Algal blooms are caused by phytoplankton, free-floating microscopic algae found in both marine and freshwater ecosystems. They form the base of the aquatic food chain and are an essential nutrient for filter feeding bivalve shellfish and for the larvae of commercially important crustaceans and finfish.

According to Prof. Keith Davidson, associate director of the Scottish Association for Marine Science (SAMS), phytoplankton are responsible for more than half of the photosynthetic activity on the planet.

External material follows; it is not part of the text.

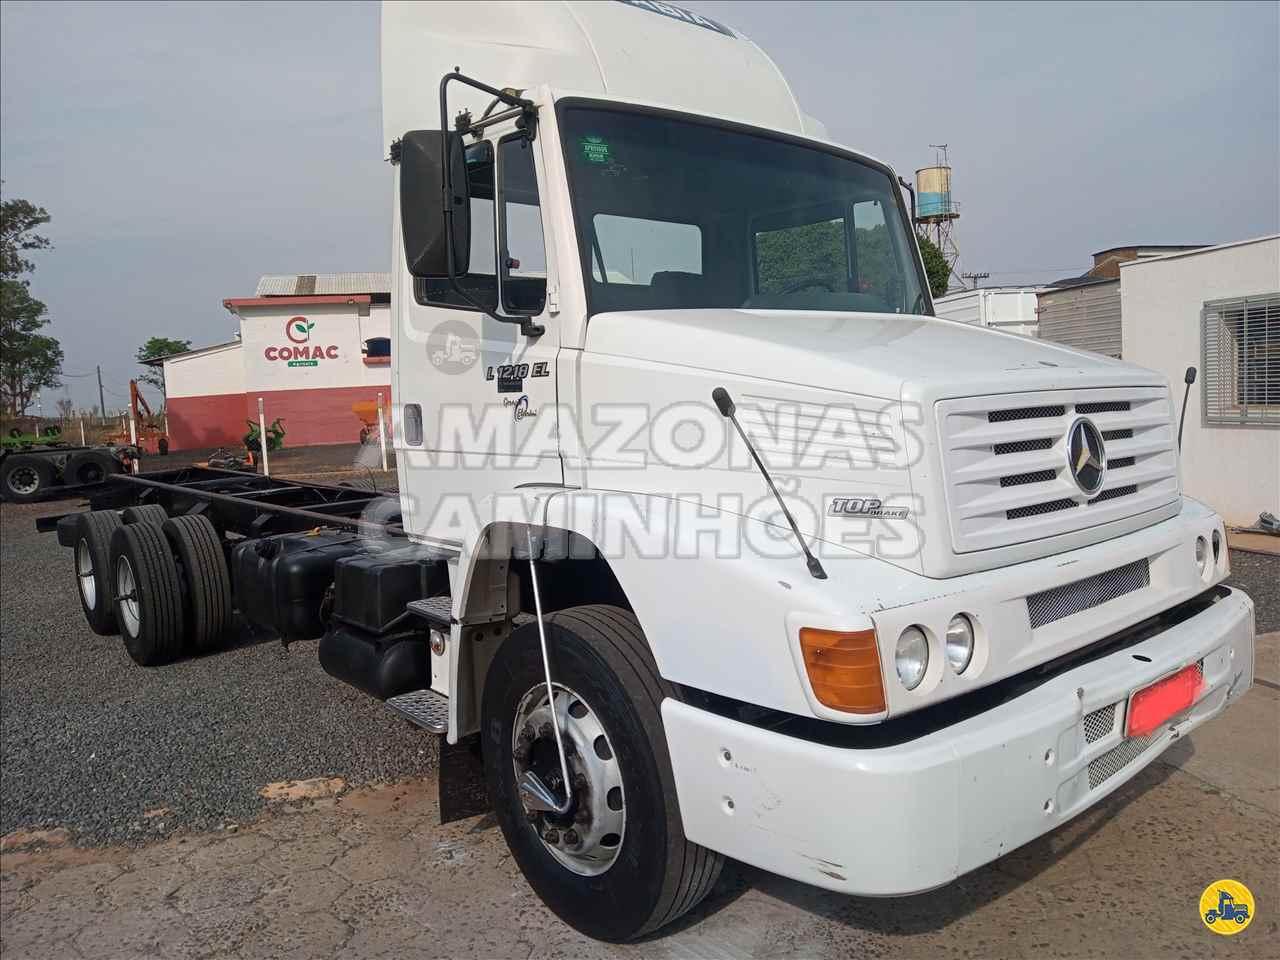 CAMINHAO MERCEDES-BENZ MB 1218 Chassis Truck 6x2 Amazonas Caminhões - SP MARILIA SÃO PAULO SP

“There are many thousands of different species of phytoplankton, but only a small subset of these may be harmful to human health. We refer to these as harmful algae and use the term harmful algal bloom (HAB) to describe their occurrence and effects,” he told the Advocate.

The first written reference to a HAB causing mass mortalities in fish appears in the Bible, while one of the first recorded fatal cases of human poisoning from eating shellfish contaminated with toxic phytoplankton was in 1793, when Capt. George Vancouver and his crew landed in British Columbia in an area now known as Poison Cove.

Despite a millennia of awareness about HABs, their causes and effects have only been widely studied in the past few decades, as they began to give the developing global aquaculture industry troubles: severe economic losses for fish and shellfish farmers and major environmental and human health impacts.

Raising the alarm

Blooms may kill fish in several ways. For example, a densely concentrated algal bloom can deplete oxygen in the water due to the high respiration rate of the algae, or by bacterial respiration during their decay. In effect, the fish suffocate. Some algae cause damage to the gills of fish, with a similar result that they are unable to take in enough oxygen. Wild fish can also be affected by HABs, but they are generally able to swim deeper, such as in a fjord or loch, or to swim away.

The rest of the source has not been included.